● **Task instructions**: Your task is to retype, exactly, the line containing "#14 - Gratitude" and every later line through the end of the listing, with pictures omitted.

● **Data segment**:
--
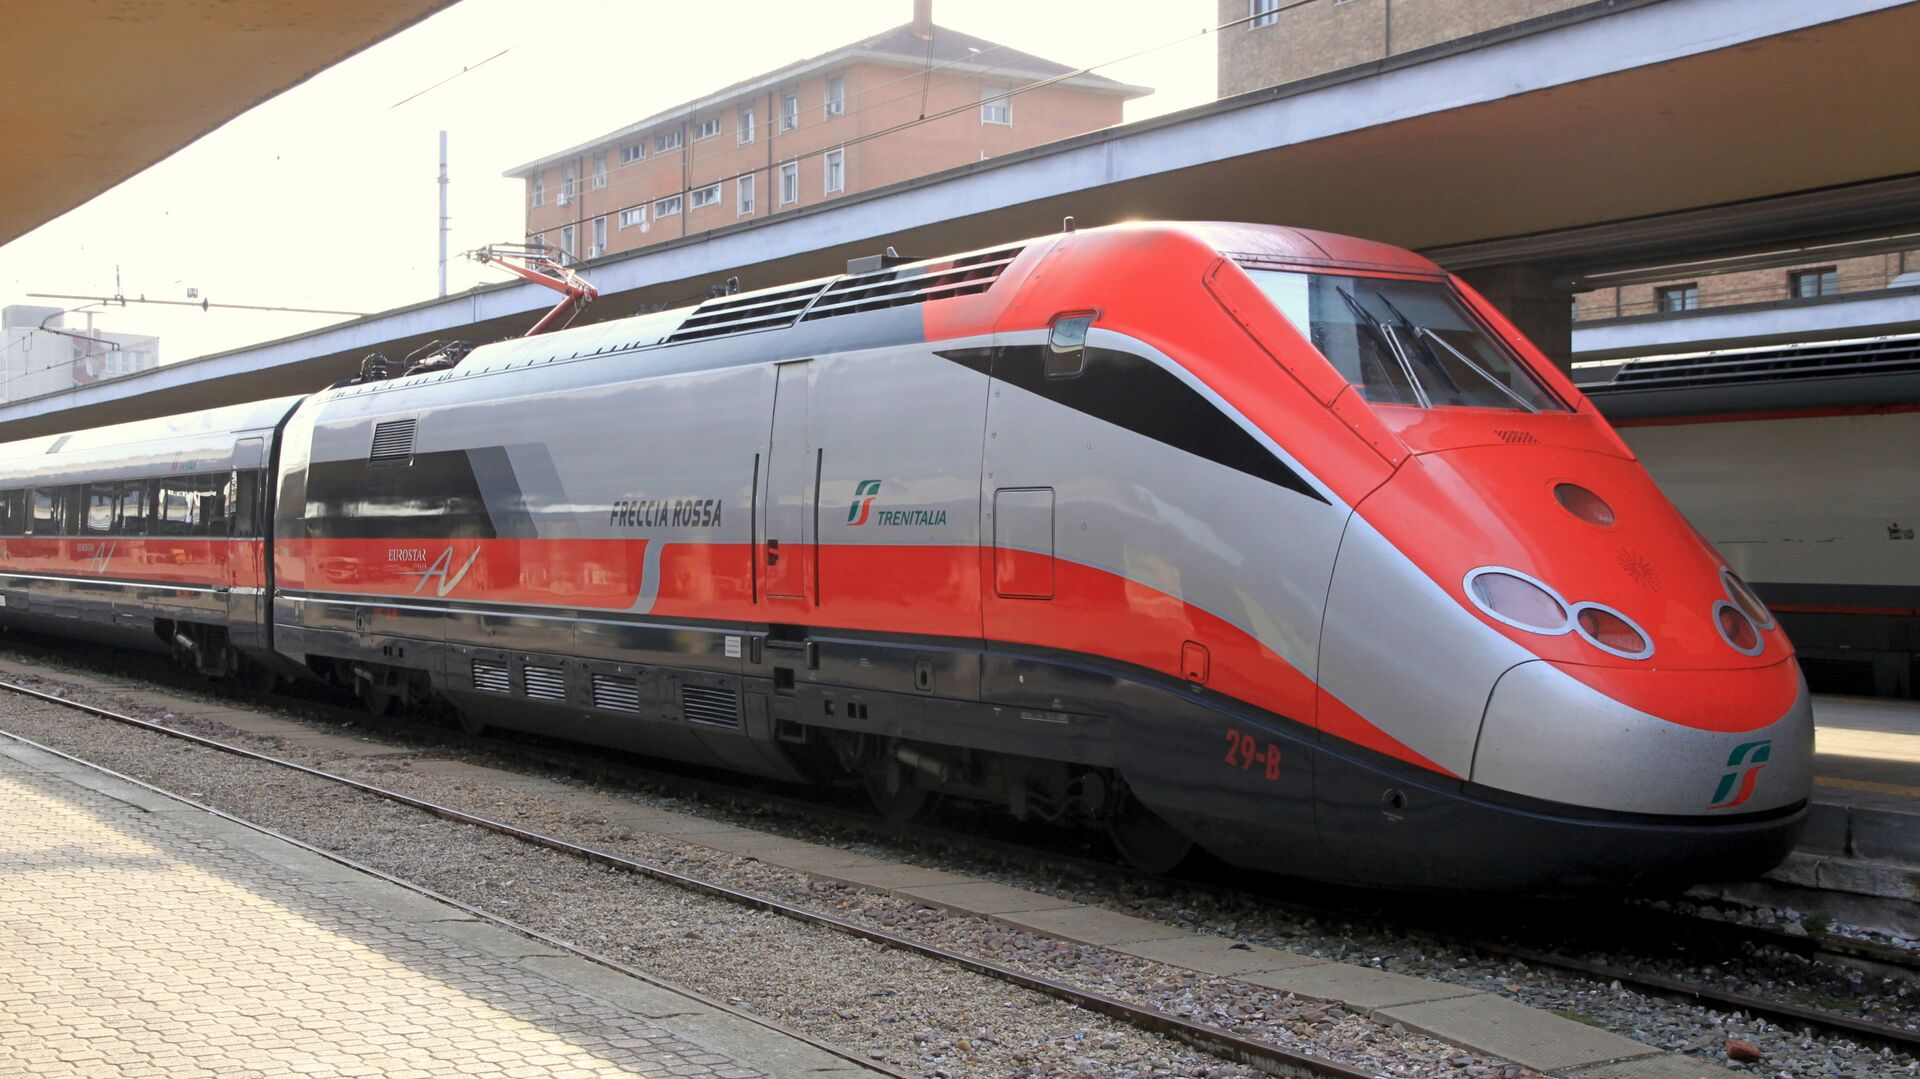 Treno Freccia Rossa - Sputnik Italia, 1920, 08.03.2021
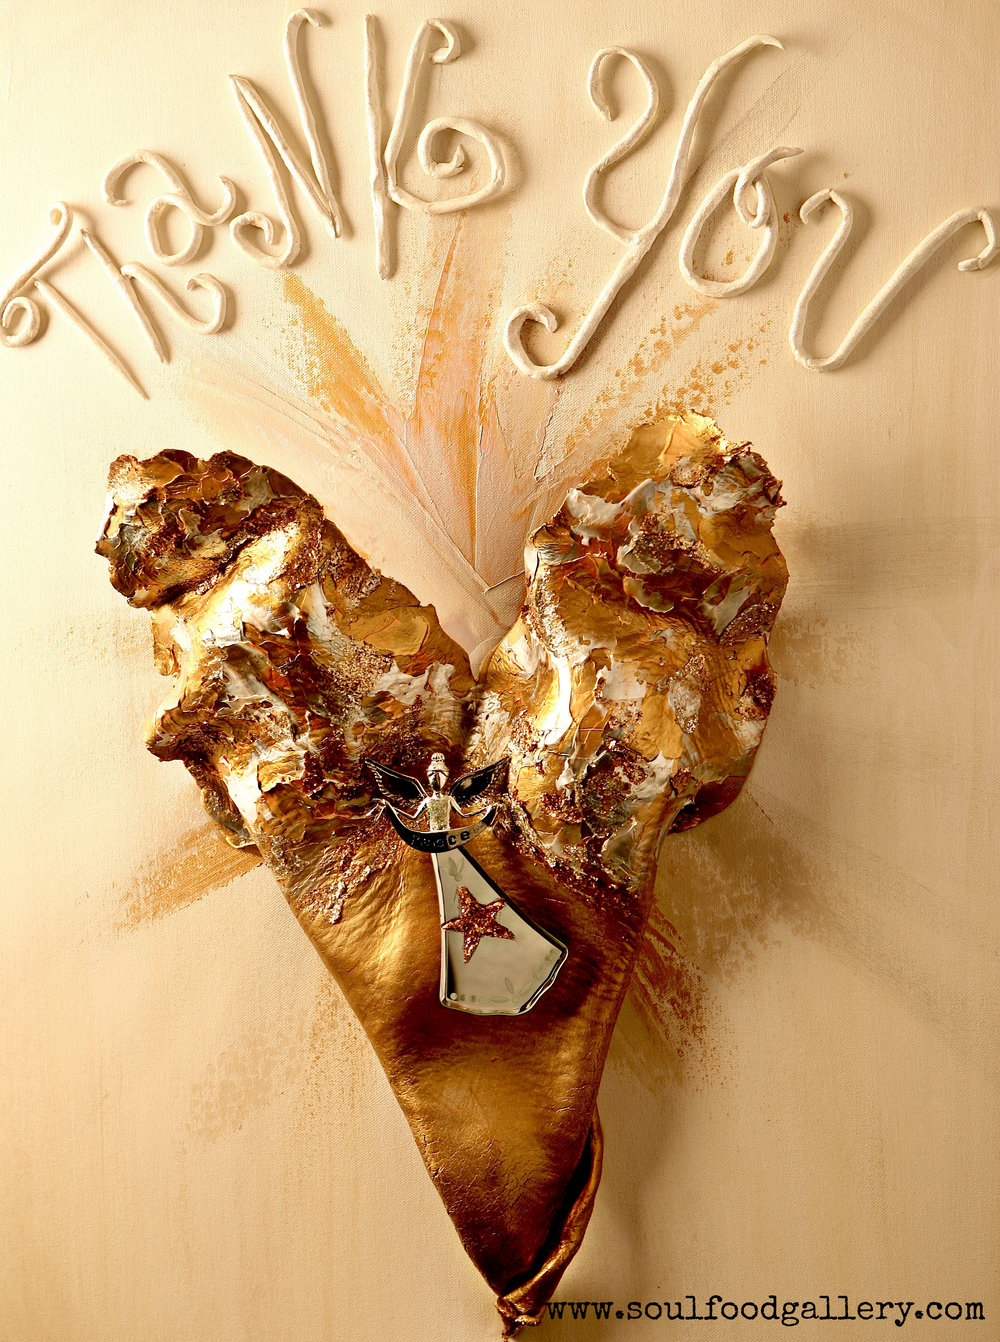 #14 - Gratitude
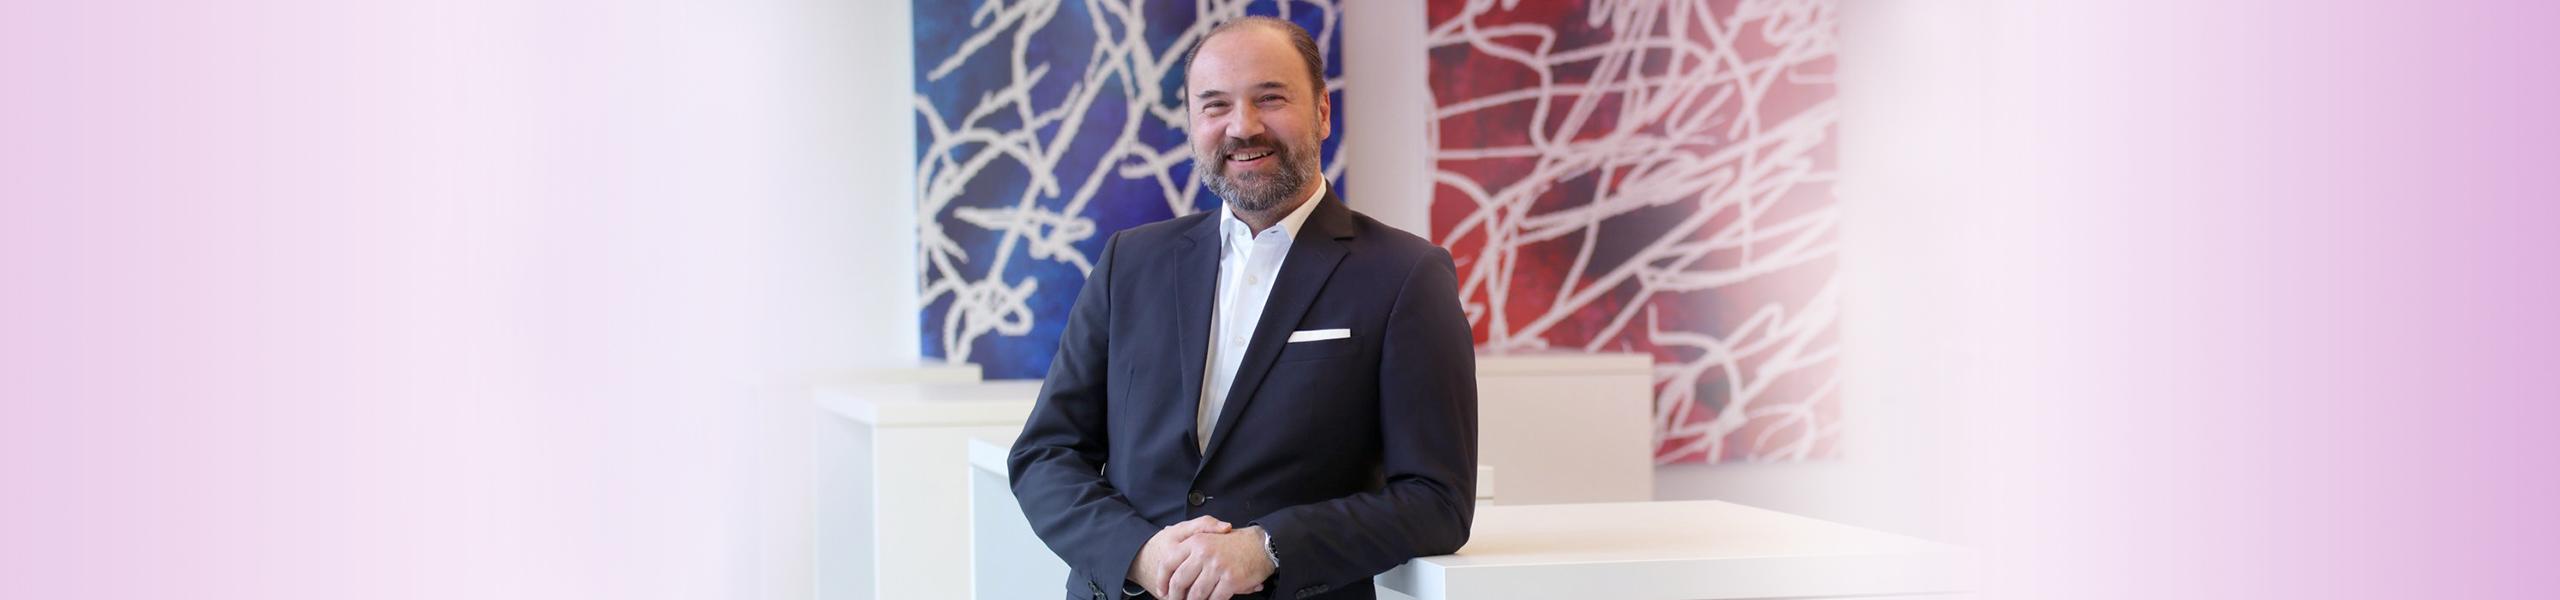 Žarko Zrno Berater der KfW Bankengruppe
--
● **Response to this task**:
 #14 - Gratitude
 Žarko Zrno Berater der KfW Bankengruppe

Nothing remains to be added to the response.